# normal equations

We consider the problem $Ax\approx b$ , where $A$ is an $m\times n$ matrix with $m\geq n$ rank $(A)=n$, $b$ is an $m\times 1$ vector, and $x$ is the $n\times 1$ vector to be determined.

The sign $\approx$ stands for the least squares approximation, i.e. a minimization of the norm of the residual $r=Ax-b$.

 $||Ax-b||_{2}=||r||_{2}=\left[\sum_{i=1}^{m}r_{i}^{2}\right]^{1/2}$

or the square

 $\displaystyle F(x)$ $\displaystyle=$ $\displaystyle\frac{1}{2}||Ax-b||_{2}^{2}=\frac{1}{2}(Ax-b)^{T}(Ax-b)$ $\displaystyle=$ $\displaystyle\frac{1}{2}(x^{T}A^{T}Ax-2x^{T}A^{T}b+b^{T}b)$

i.e. a differentiable function of $x$. The necessary condition for a minimum is:

 $\nabla F(x)=0\text{or}\frac{\partial F}{\partial x_{i}}=0(i=1,\ldots,n)$

These equations are called the normal equations , which become in our case:

 $A^{T}Ax=A^{T}b$

The solution $x=(A^{T}A)^{-1}A^{T}b$ is usually computed with the following algorithm: First (the lower triangular portion of) the symmetric matrix $A^{T}A$ is computed, then its Cholesky decomposition $LL^{T}$. Thereafter one solves $Ly=A^{T}b$ for $y$ and finally $x$ is computed from $L^{T}x=y$.

Unfortunately $A^{T}A$ is often ill-conditioned and strongly influenced by roundoff errors (see [Golub89]).
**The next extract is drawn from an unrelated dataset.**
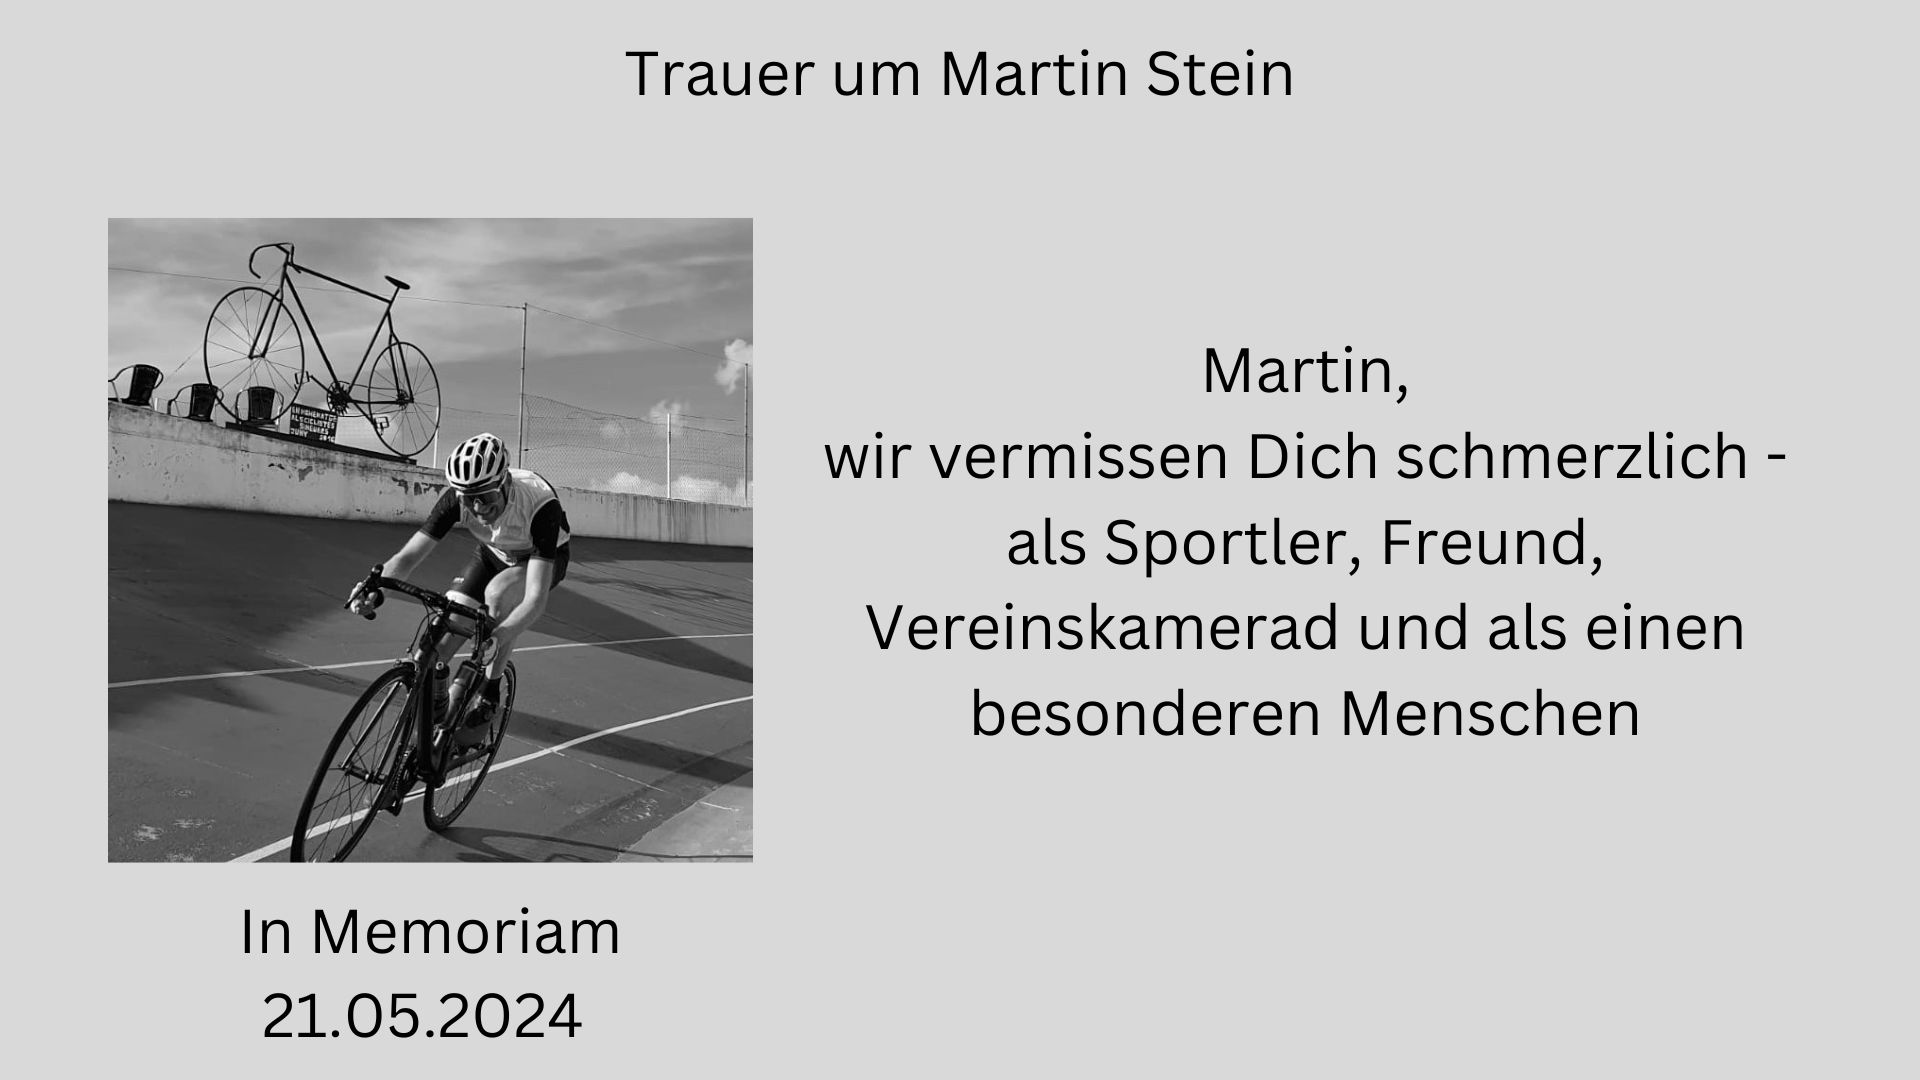 Trauer um Martin Stein

Other methods which do not compute $A^{T}A$ and solve $Ax\approx b$ directly are QR decomposition and singular value decomposition.

References

• Originally from The Data Analysis Briefbook (http://rkb.home.cern.ch/rkb/titleA.htmlhttp://rkb.home.cern.ch/rkb/titleA.html)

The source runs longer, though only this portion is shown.